方法1: Zoomの設定でPipeWireを有効にする
- Zoomを起動して設定画面を開く
Zoomのメインウィンドウで、右上の歯車アイコンをクリックして設定画面を開きます。 - 共有画面タブを選択する
左側のメニューから「共有画面」をクリックします。このタブには画面共有に関する設定が集まっています。 - 詳細設定を開く
「共有画面」タブの右下にある「詳細設定」ボタンをクリックします。ポップアップウィンドウが表示されます。 - 「Waylandのパイプワイヤを使用」にチェックを入れる
ポップアップ内の「Waylandのパイプワイヤを使用」というオプションにチェックを入れます。このオプションが表示されない場合、Zoomのバージョンが古いか、PipeWireがインストールされていない可能性があります。 - 設定を保存してZoomを再起動する
チェックを入れたらポップアップを閉じ、Zoomを一度終了してから再起動します。これで設定が反映されます。
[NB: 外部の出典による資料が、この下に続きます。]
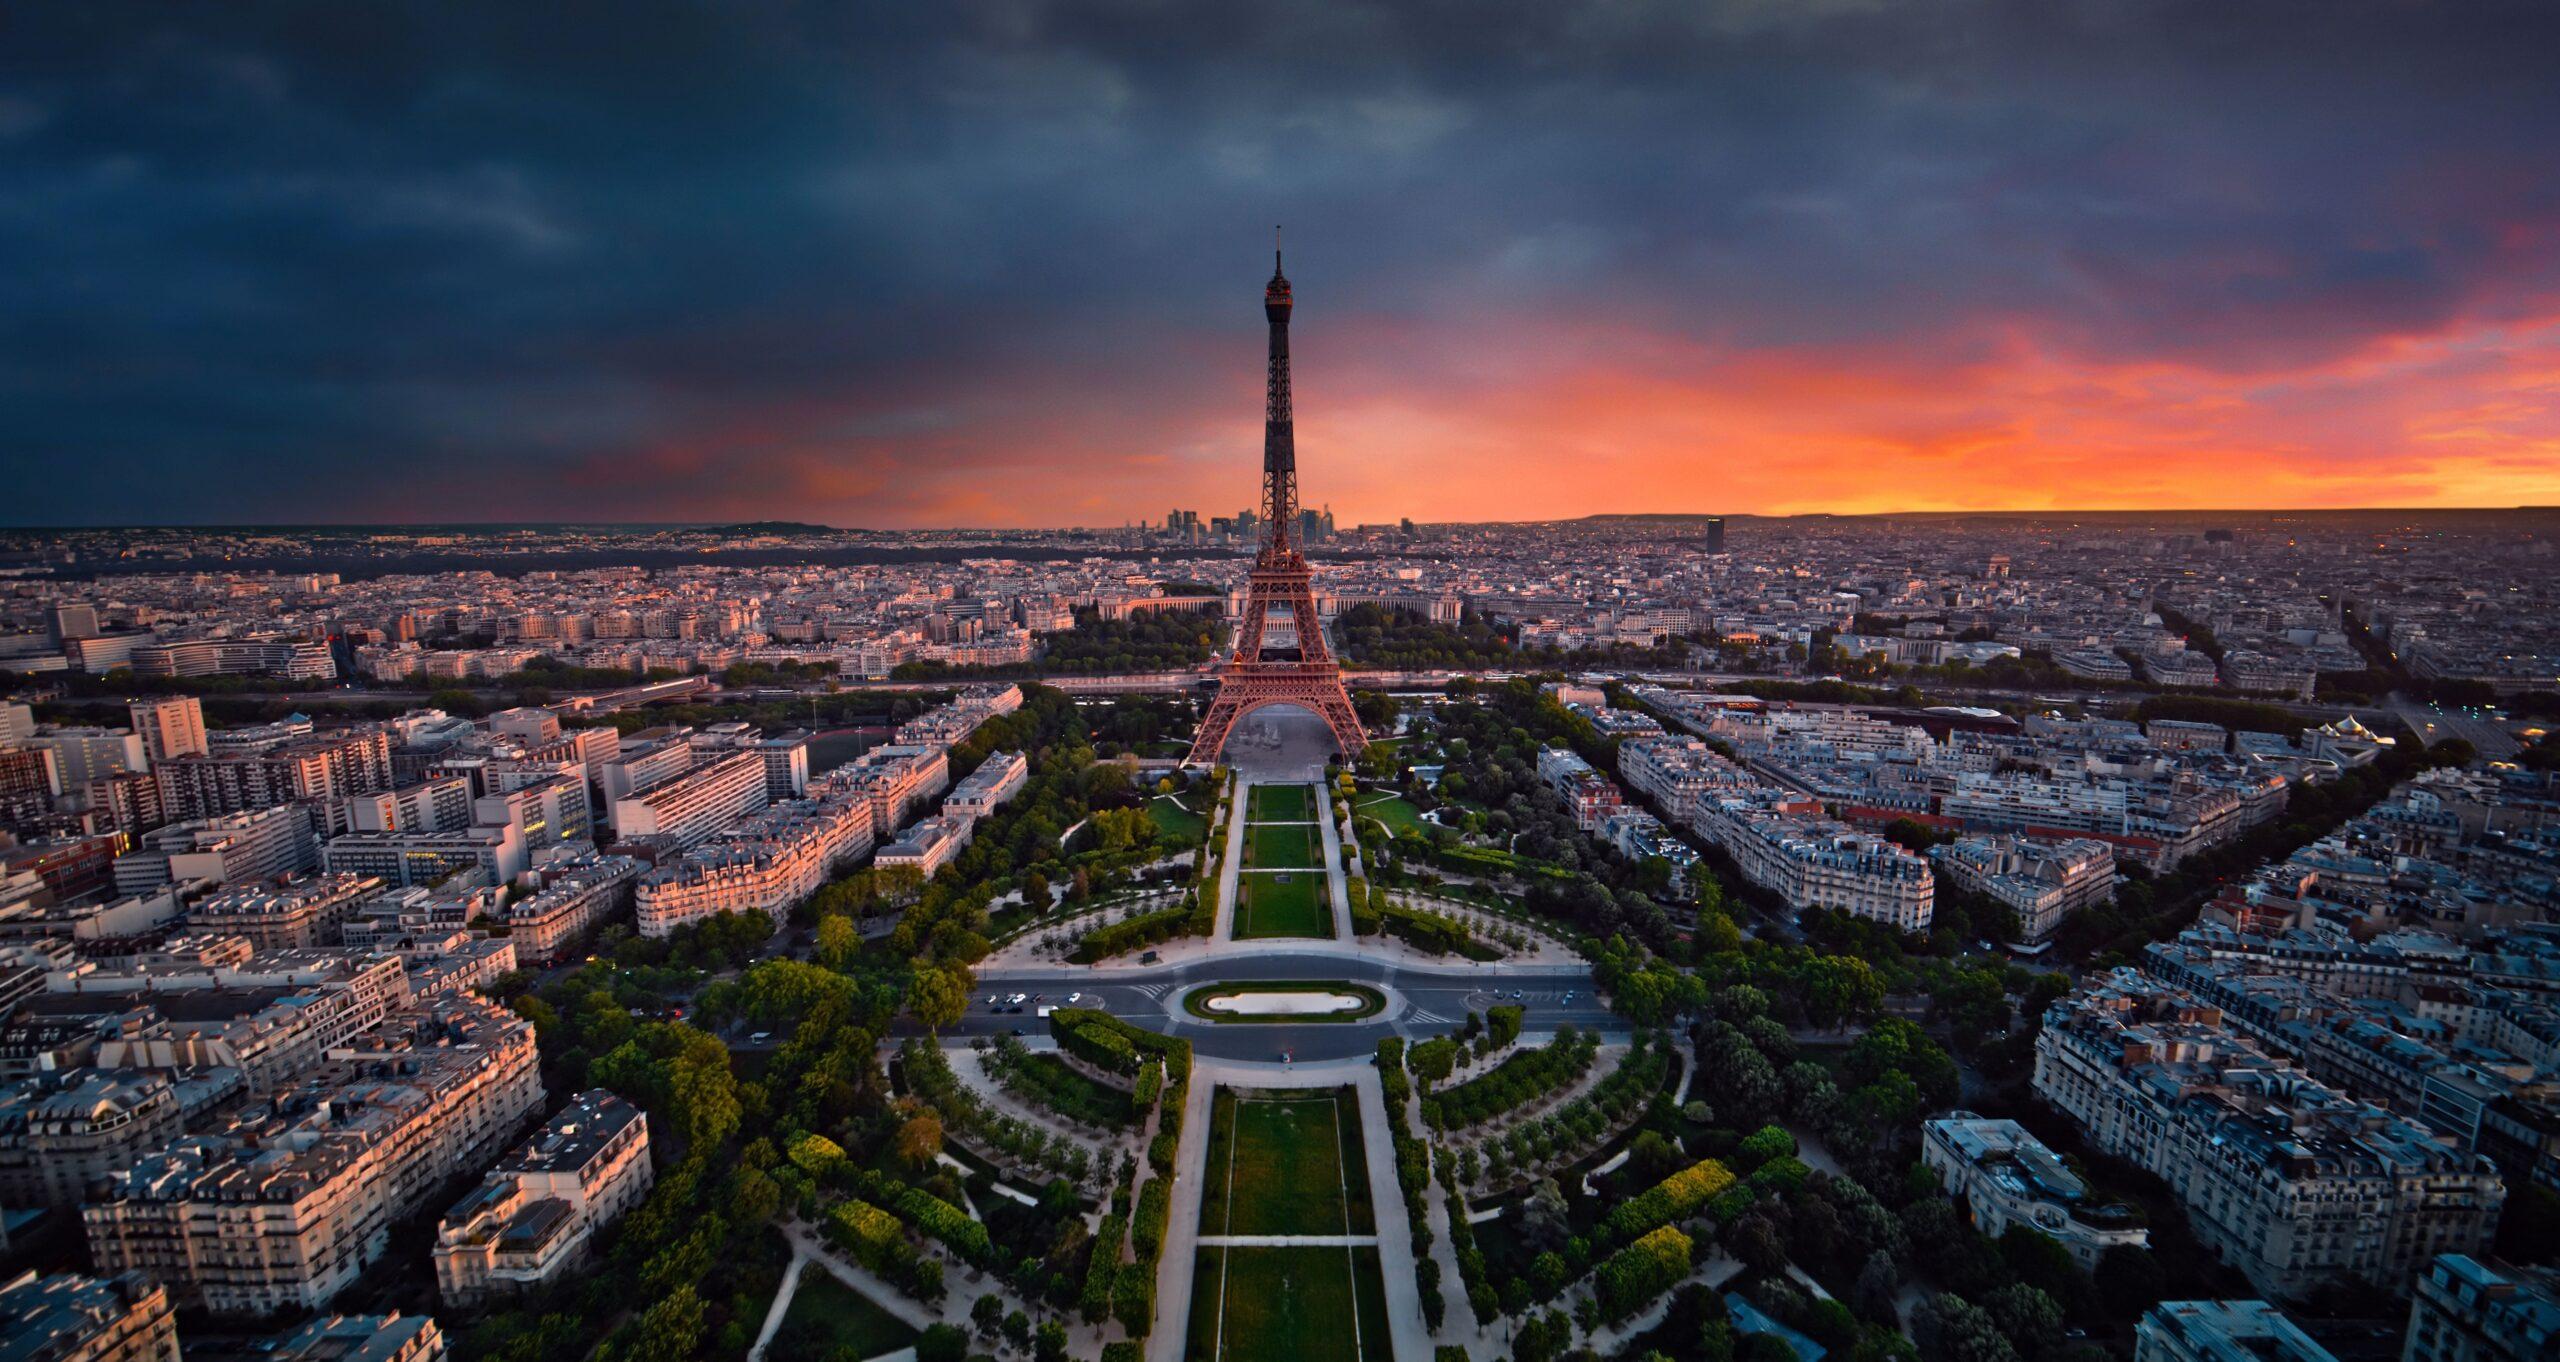 Paris' skyline captured at sunset.

再起動後、ミーティングで画面共有を試してみてください。緑色の「共有」ボタンが表示され、画面を選択できるようになれば成功です。
方法2: 環境変数を設定してZoomを起動する
- ターミナルを開く
使用しているデスクトップ環境に合わせてターミナルエミュレータを起動します。 - 環境変数を設定してZoomを実行する
以下のコマンドを入力してEnterキーを押します。QT_QPA_PLATFORM=wayland zoom
このコマンドは、ZoomをWaylandプラグインで起動するよう指示します。 - 画面共有ができるか確認する
Zoomが起動したら、テストミーティングに参加して画面共有ボタンをクリックします。正常に画面を選択できれば問題解決です。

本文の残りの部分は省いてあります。